Improving End-of-Life Care

As a result of advances in public health and the development of lifesaving medical technologies, Americans are living longer than ever. Death, when it comes, often follows a chronic or progressive illness.

Unfortunately, the care received near the end of life often does not reflect a person’s values, goals, and informed preferences. Although the majority of people say they would prefer to die at home, two-thirds of Medicare beneficiaries die elsewhere, such as a hospital’s intensive care unit. People frequently endure unwanted treatment and suffer from inadequate pain management and shortness of breath, which often puts an enormous stress on family caregivers. A fragmented medical system and a lack of communication among doctors, patients, and families may result in less than optimal patient experiences. But difficulties in the health care system may also be caused by the reluctance of patients, families, and doctors to discuss options and the alternatives to further treatment. Having these conversations early in the course of a serious illness is important, because most people who are near death are unable to communicate their wishes.

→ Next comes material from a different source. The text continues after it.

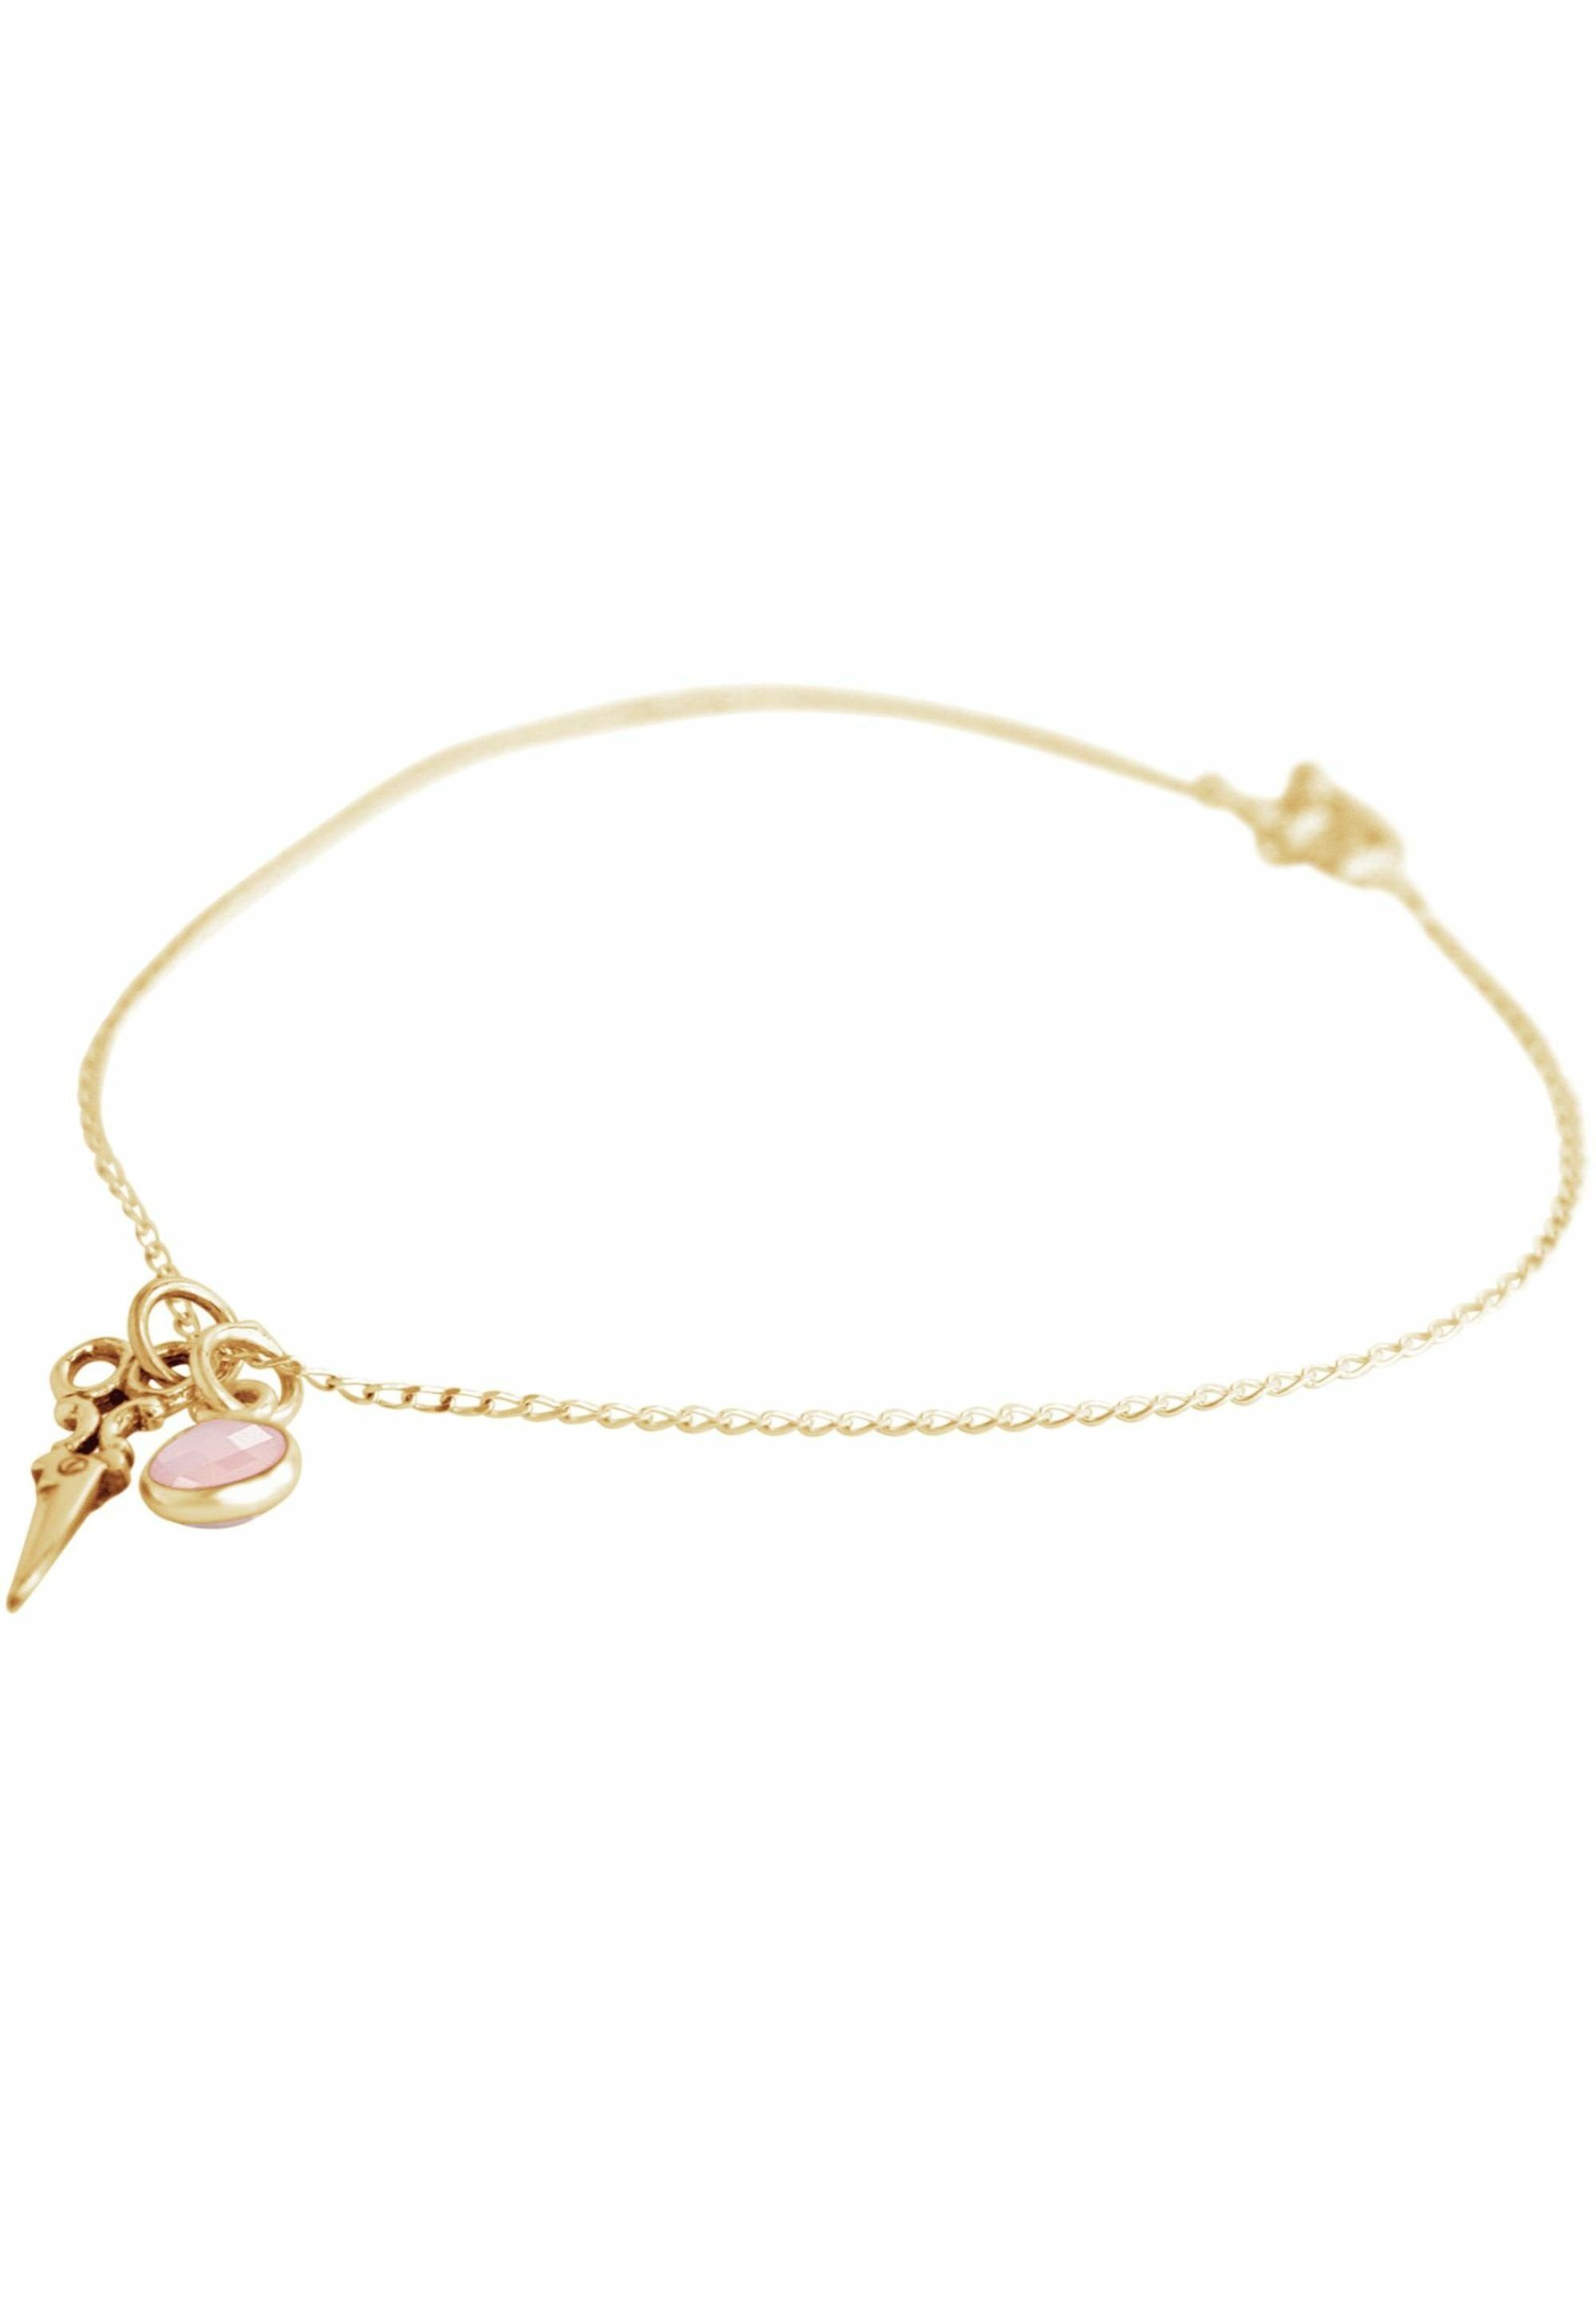 Gemshine Armband Schere gold coloured und Rosenquarz

The Pew Charitable Trusts sought to improve end-of-life care by advocating for policies that help people make informed decisions about their treatment preferences, improve the documentation of these preferences, and hold health care providers accountable for honoring patient wishes and delivering high-quality care. Additionally, the project highlighted innovative ways of providing care to seriously ill people and their families as patients reach the end of their lives.